A legislação brasileira não impõe restrições à divulgação de suicídios pela imprensa. Sites, blogs, rádios e TVs podem publicar livremente informações sobre vítimas e métodos. O vácuo legal contrasta com recomendações da OMS (Organização Mundial da Saúde) e do Ministério da Saúde, que orientam a adotar cuidado redobrado nesse tipo de cobertura.
Lei em vigor não trata da mídia
Desde julho de 2019, o país conta com a Lei 13.819, que instituiu a Política Nacional de Prevenção da Automutilação e do Suicídio. A norma exige notificação obrigatória de tentativas, cria protocolos de atendimento e articula ações de saúde e educação.
Mas a lei não alcança o modo como a imprensa trata o tema.

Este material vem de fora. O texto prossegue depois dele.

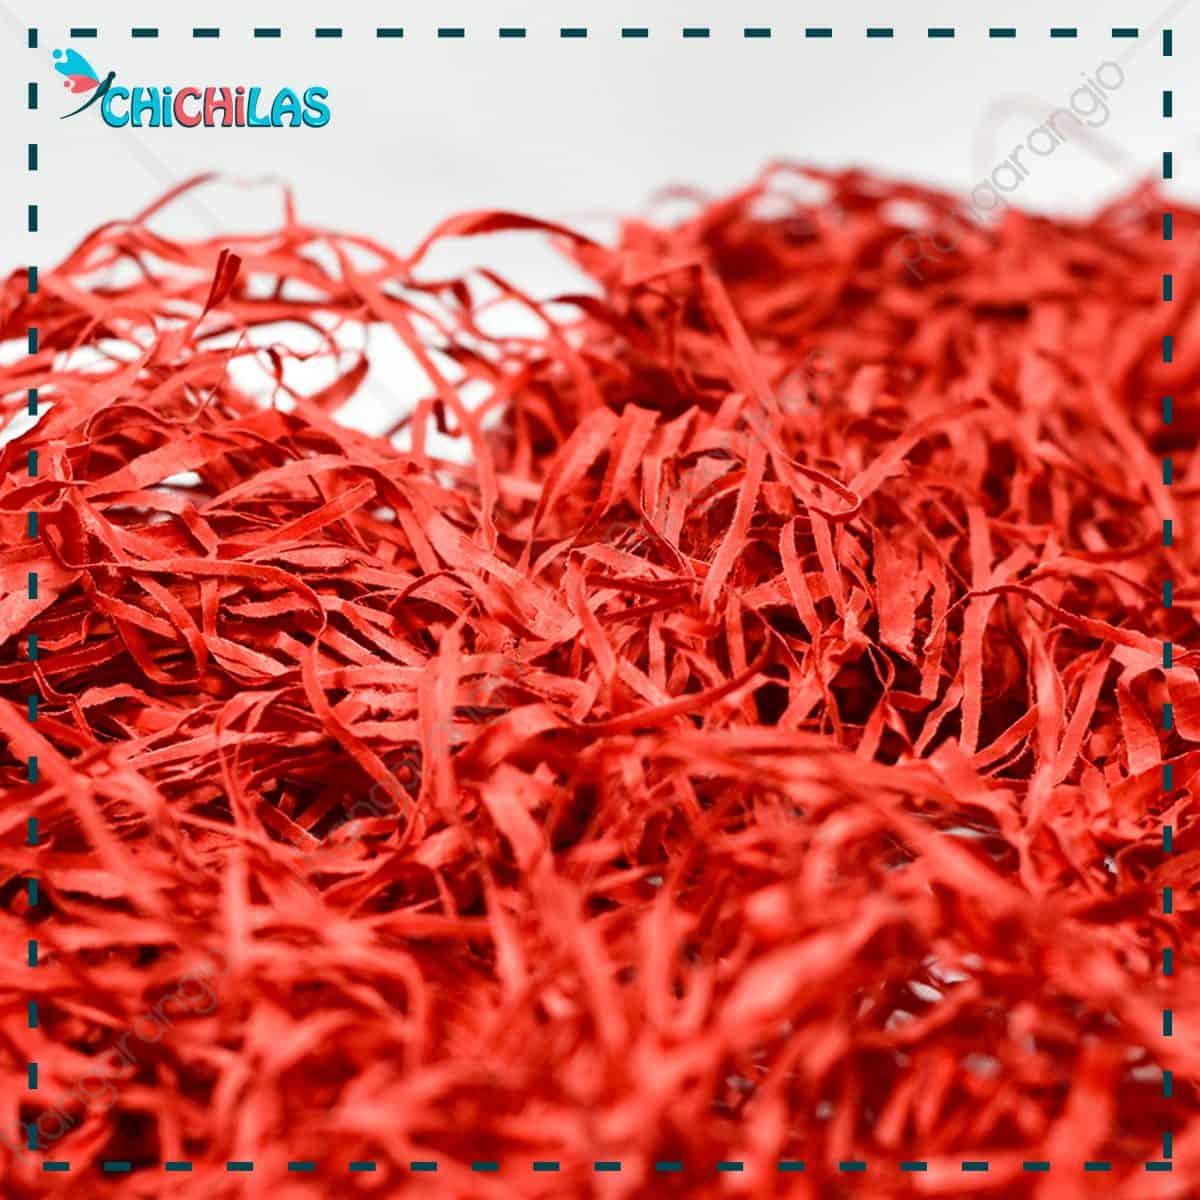 چیچلاس - پوشال قرمز - خرید پوشال برای باکس ولنتاین - خرید پوشال قرمز تزیینی - خرید پوشال تزیینی

Não há sanções para reportagens que exponham vítimas ou revelem detalhes do ato.
Projetos parados
Dois projetos tentam mudar esse quadro. O PL 1970/2023 propõe diretrizes para a cobertura jornalística, proibindo imagens de vítimas, cartas de despedida e descrições de métodos. Também exige a inclusão do número do CVV (188) em reportagens.
Já o PL 2651/2024 prevê punição criminal para quem divulgar cenas de suicídio sem justificativa. A pena vai de multa a até três anos de prisão.
Ambas as propostas estão paradas no Congresso. Não há previsão de votação em plenário.
Pressão social
Especialistas afirmam que a ausência de regras fomenta o risco do chamado efeito Werther, quando a exposição midiática pode estimular novos casos, especialmente entre jovens.
Entidades de saúde mental e familiares de vítimas pressionam pela aprovação imediata. O movimento cobra que parlamentares deem prioridade à tramitação.
O que está em jogo
Enquanto os projetos não avançam, veículos de comunicação podem continuar a explorar casos sem restrições. Para críticos, a omissão legislativa amplia a dor de famílias e fragiliza políticas de prevenção.